Data section
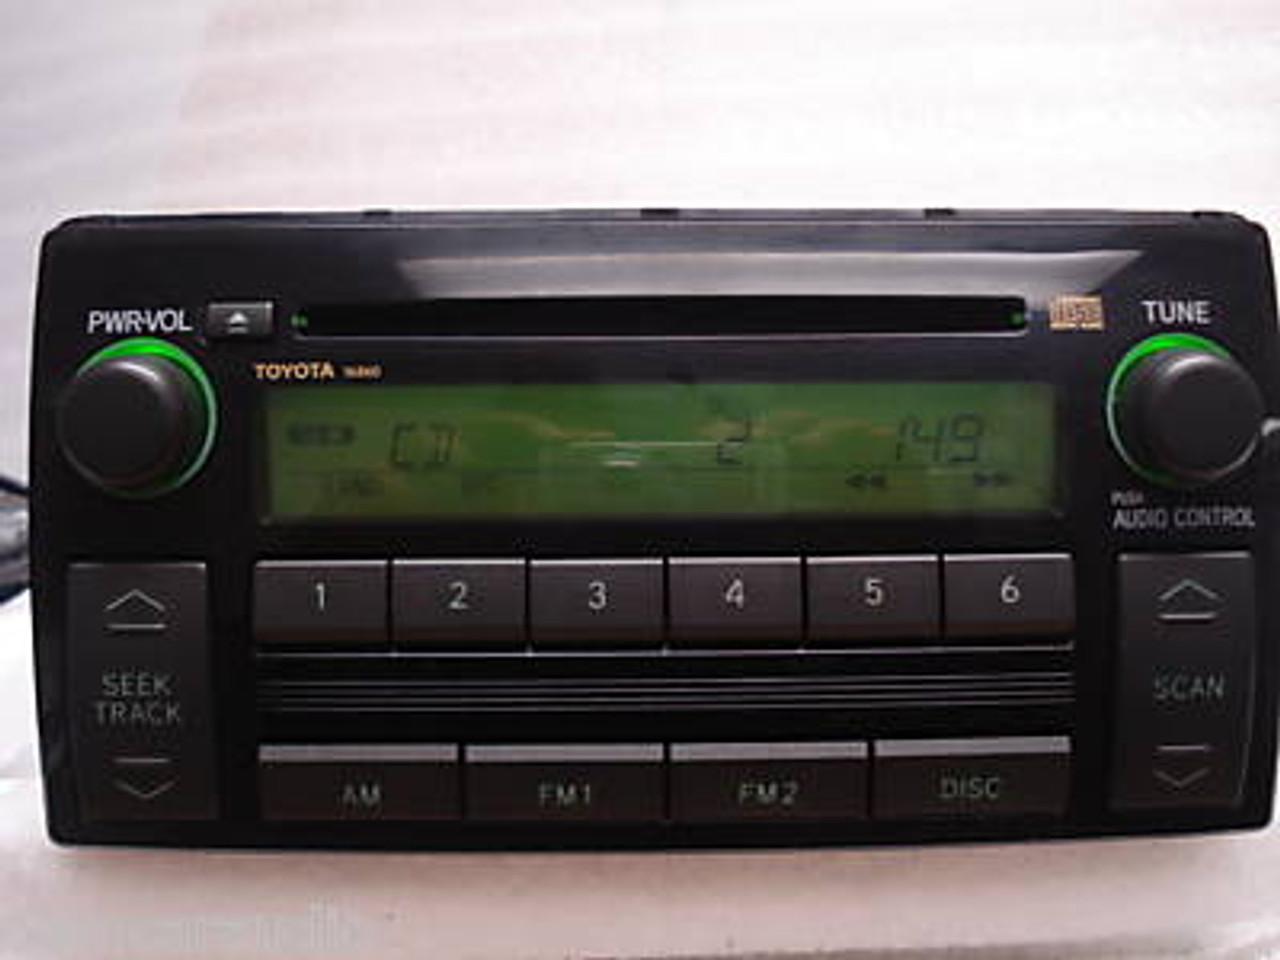 Toyota Camry Radio and CD Player 86120-AA160 2005-2006 on
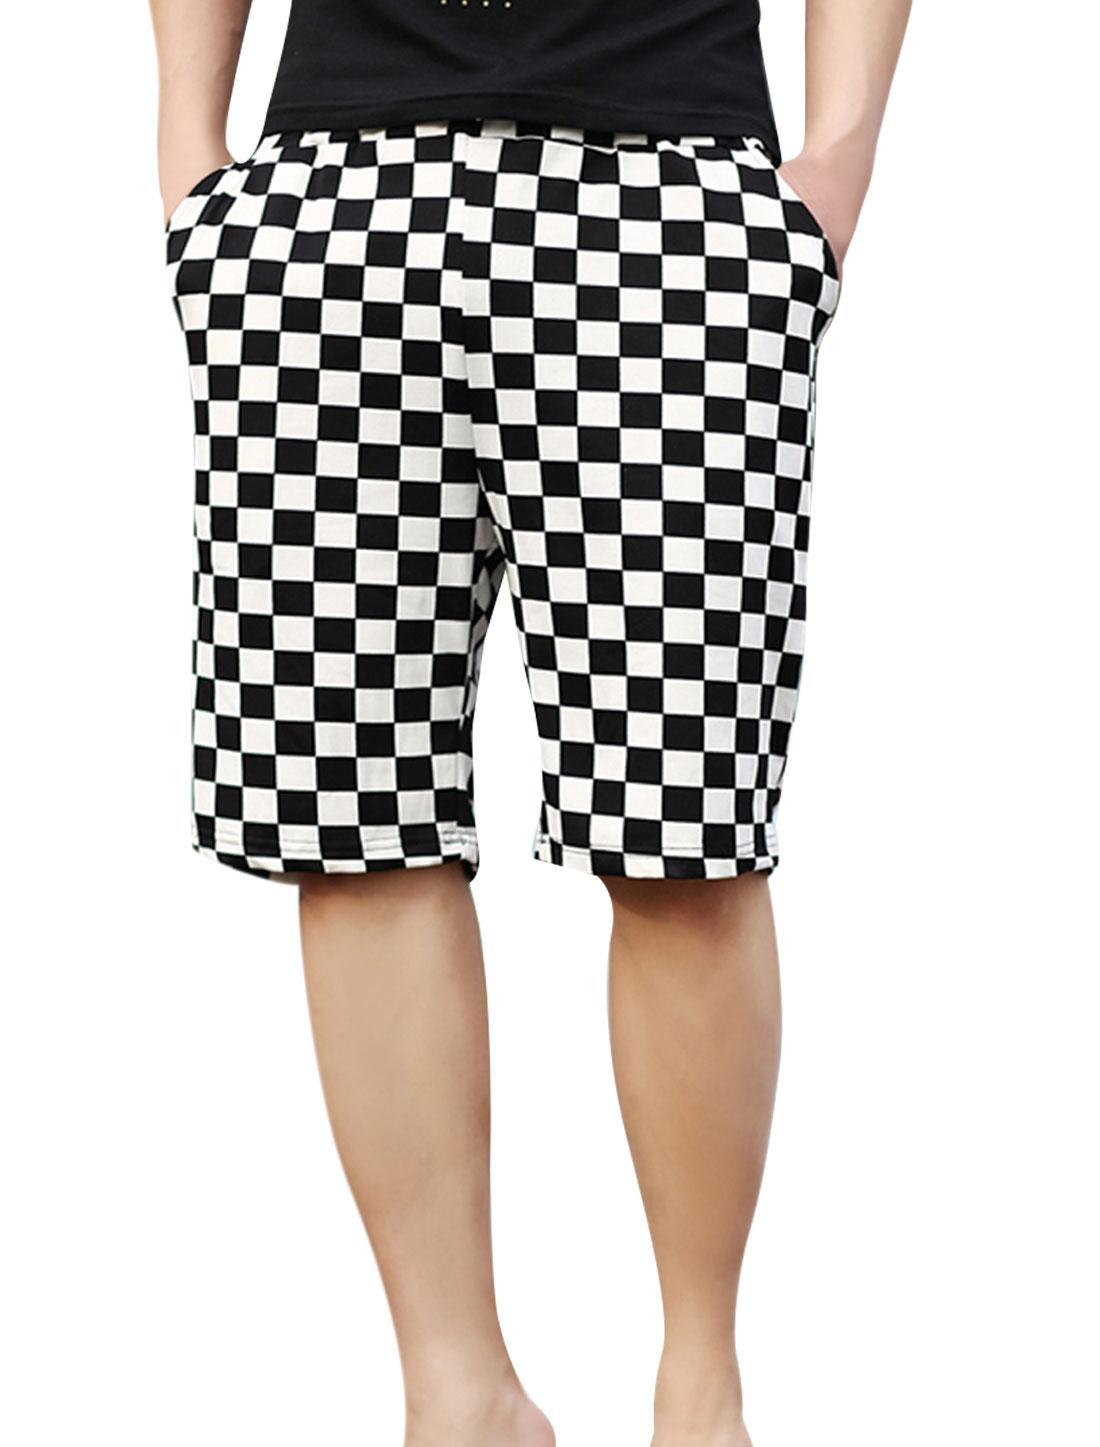 Men Plaids Pattern Decor Elastic Waist Black White Shorts XS
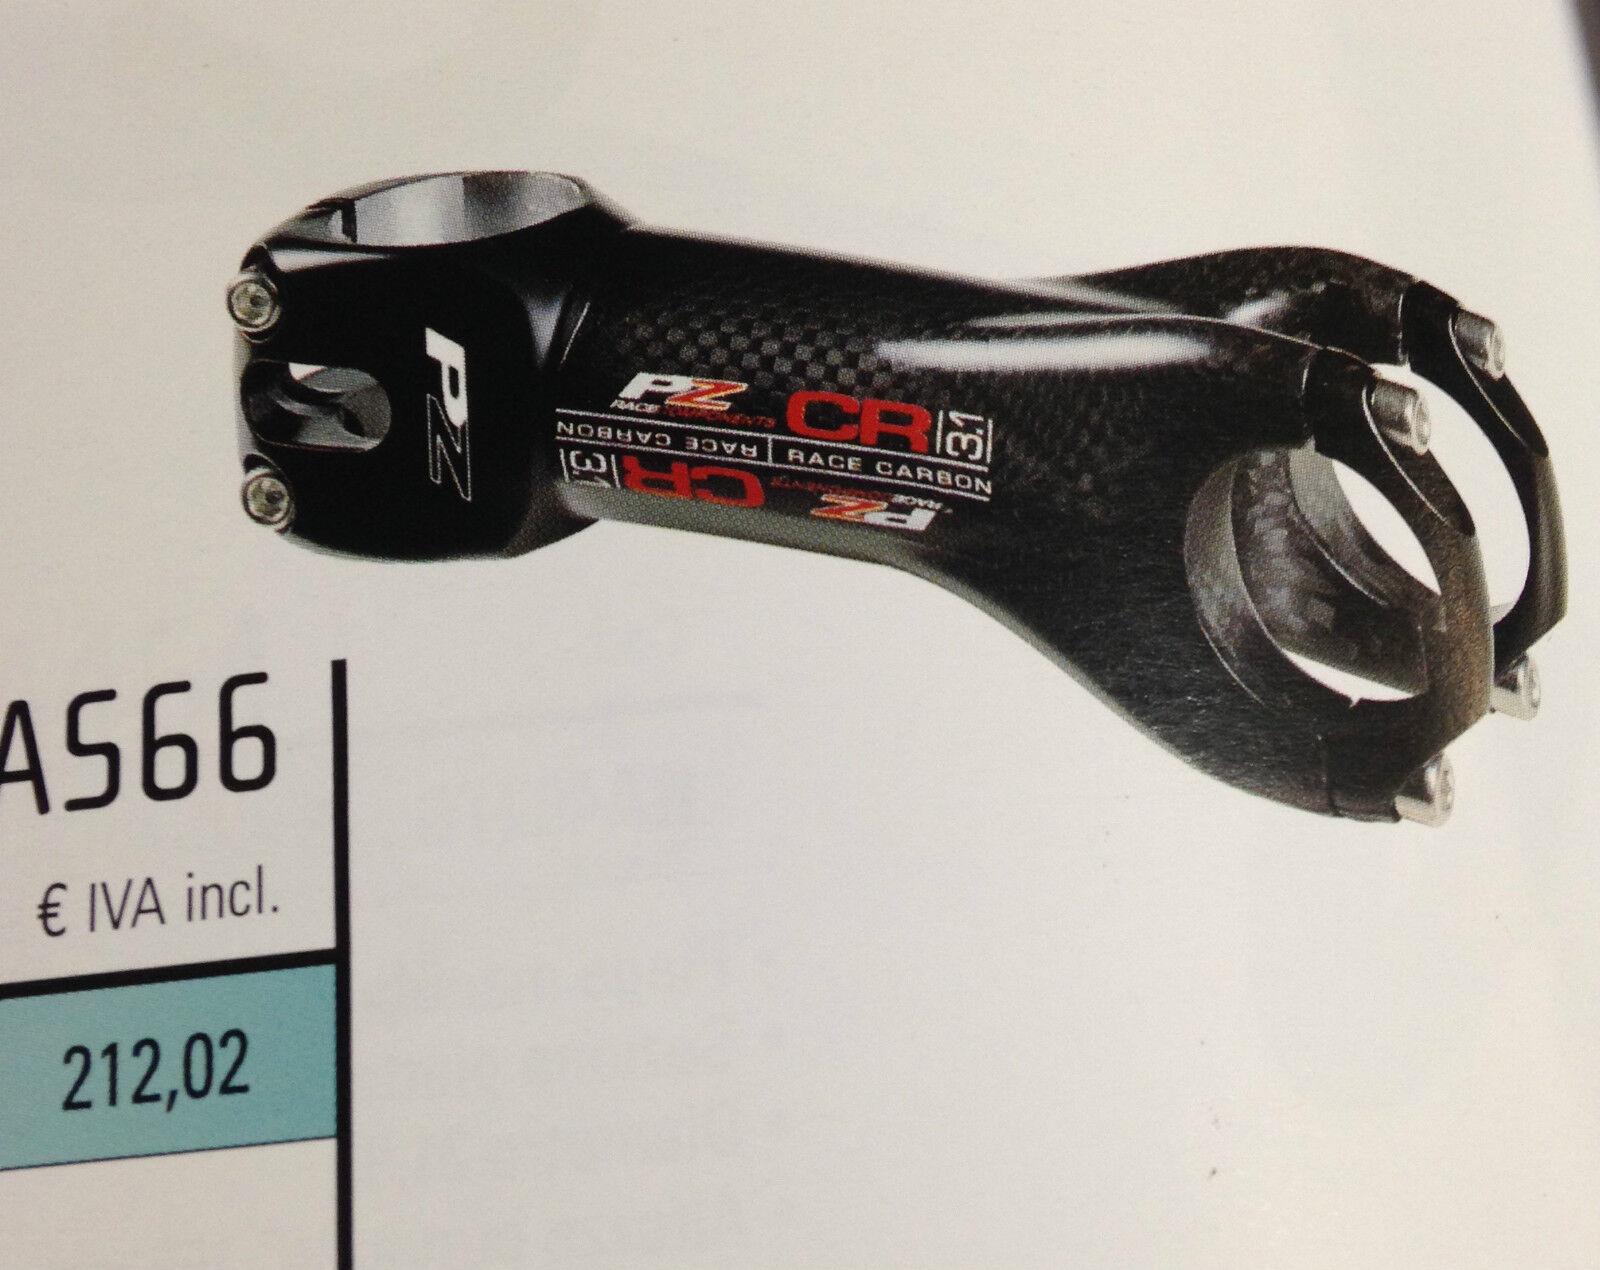 Stem bike race PZ CR 3.1 Carbon Bike Stem Full  Carbon 90-130  save up to 70%

Task instructions
Copy out exactly the lines from the one with "Men Plaids Pattern" through the end of the listing, both ends included, omitting any picture.

Response to the exercise
 Men Plaids Pattern Decor Elastic Waist Black White Shorts XS
 Stem bike race PZ CR 3.1 Carbon Bike Stem Full  Carbon 90-130  save up to 70%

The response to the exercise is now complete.